Benchmark results place the model at 57.5 on MMLongBench-Doc (vs. 49.5 for Qwen3-Omni and 38.0 for Nemotron Nano V2 VL), 47.4 on OSWorld for computer-use tasks (vs. 29.0 for Qwen3-Omni), 89.4 on VoiceBench (vs. 88.8 for Qwen3-Omni), and a 5.95 word error rate on the HF Open ASR leaderboard (vs. 6.55 for Qwen3-Omni, where lower is better).
Who’s Affected
Enterprises handling high-volume document workflows — legal, compliance, finance, and research organizations processing multi-page contracts, regulatory filings, or technical reports — are the primary stated target. NVIDIA documented the model as capable of handling documents exceeding 100 pages, covering layout, tables, figures, formulas, and cross-page references.

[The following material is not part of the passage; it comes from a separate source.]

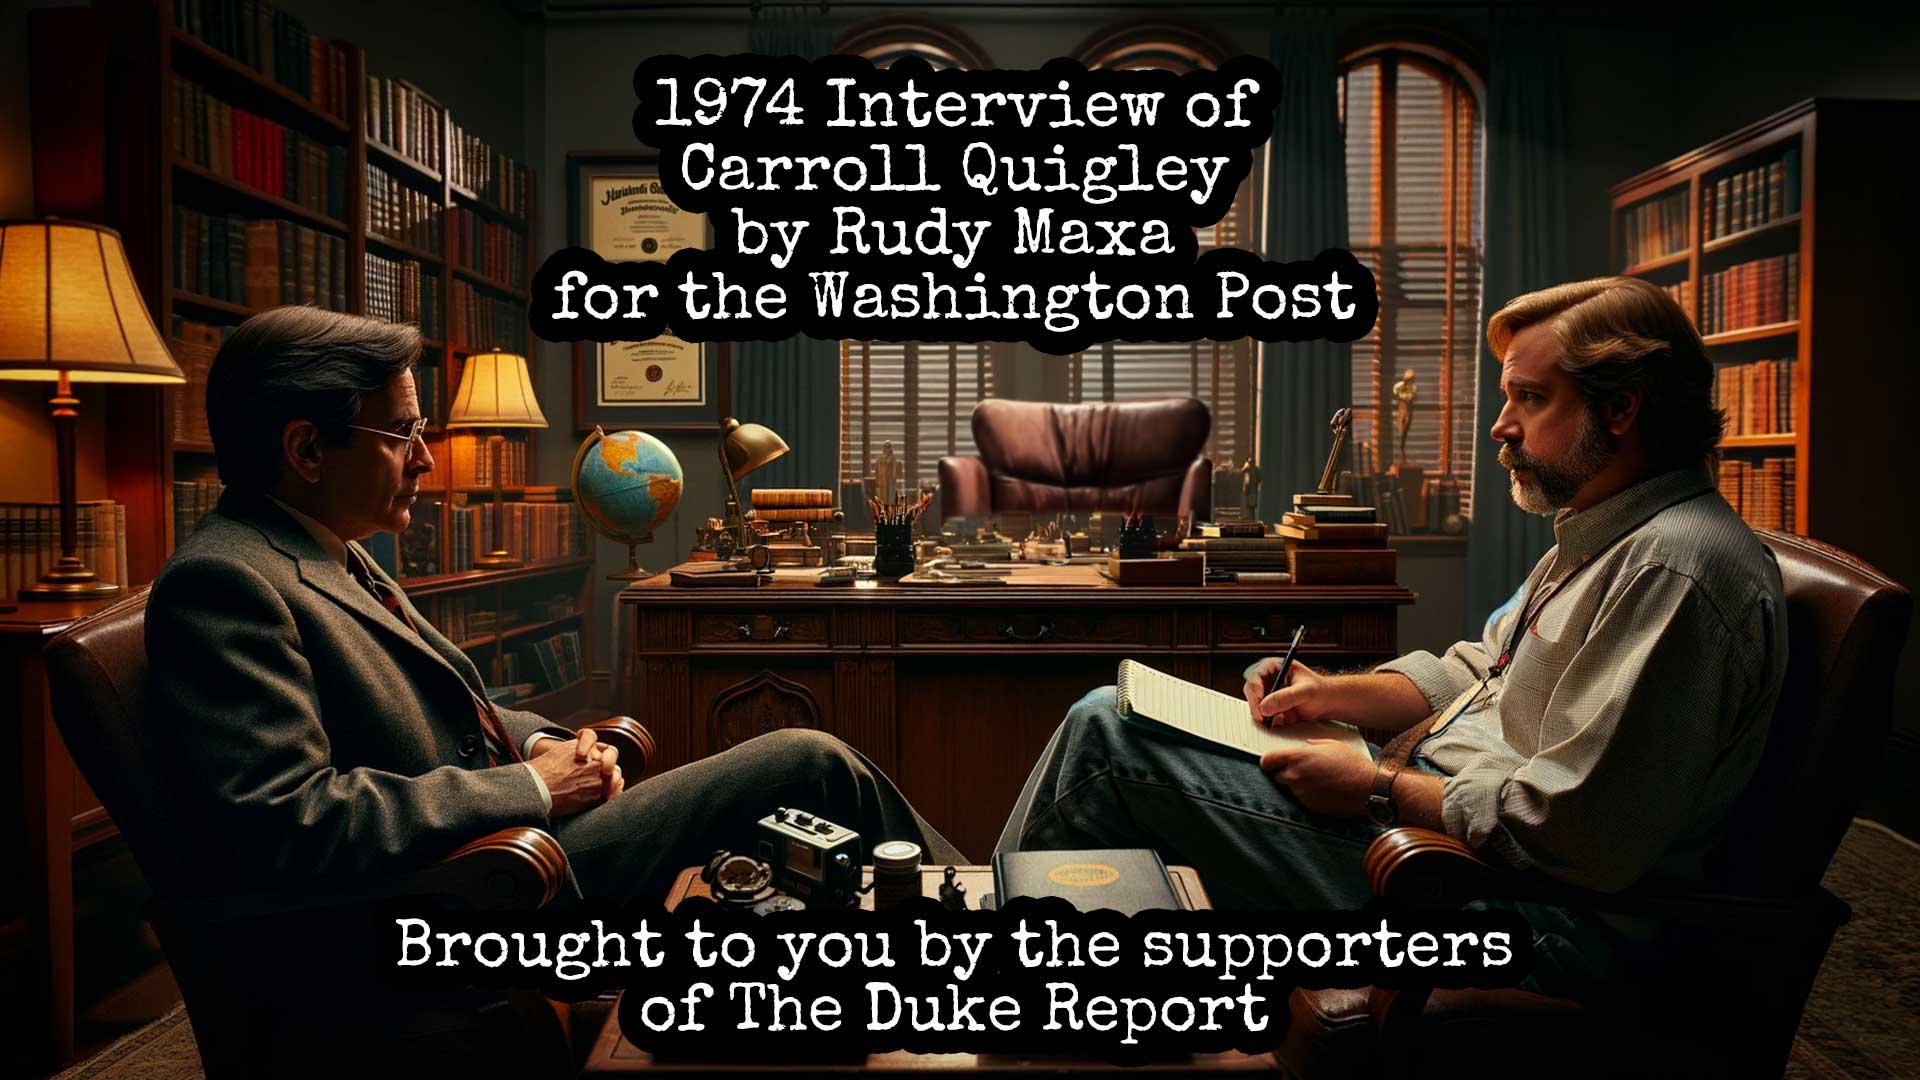 1974 Interview of Carroll Quigley by Rudy Maxa for the Washington Post
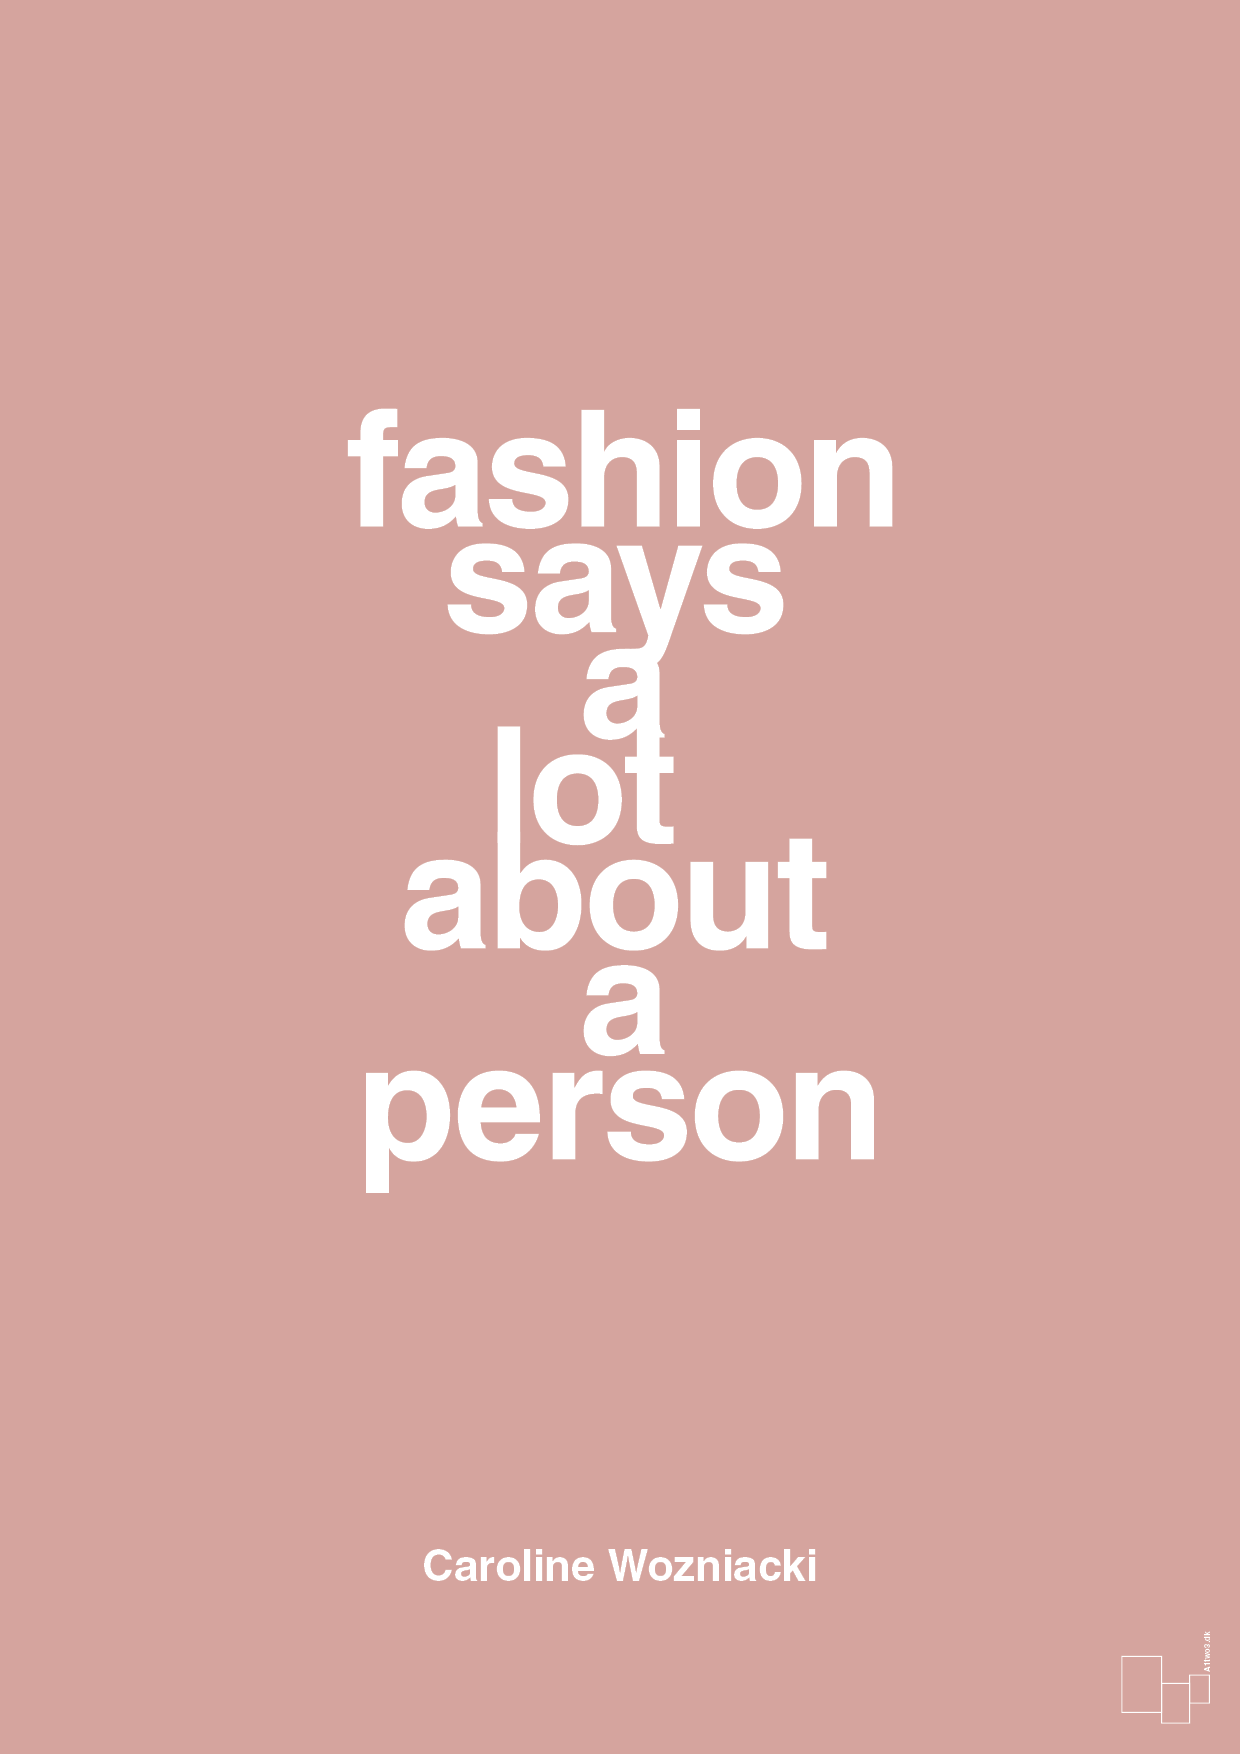 fashion says a lot about a person - Plakat med Citater i Bubble Shell

Developers building GUI automation agents are directly addressed by the OSWorld and ScreenSpot-Pro scores (47.4 and 57.8, respectively), which measure task completion in real graphical interface environments. Video-heavy enterprise workflows — meeting transcription, customer support analysis, and product demo parsing — fall within the model’s documented audio-video reasoning scope.
What’s Next
Checkpoints are available now on Hugging Face in BF16, FP8, and NVFP4 formats. NVIDIA also released the Nemotron-Image-Training-v3 dataset and open-sourced training code components through the NeMo-RL repository. A full technical report covering architecture design, training methodology, and data pipelines is available at research.nvidia.com. No API availability or commercial licensing terms were announced alongside the release.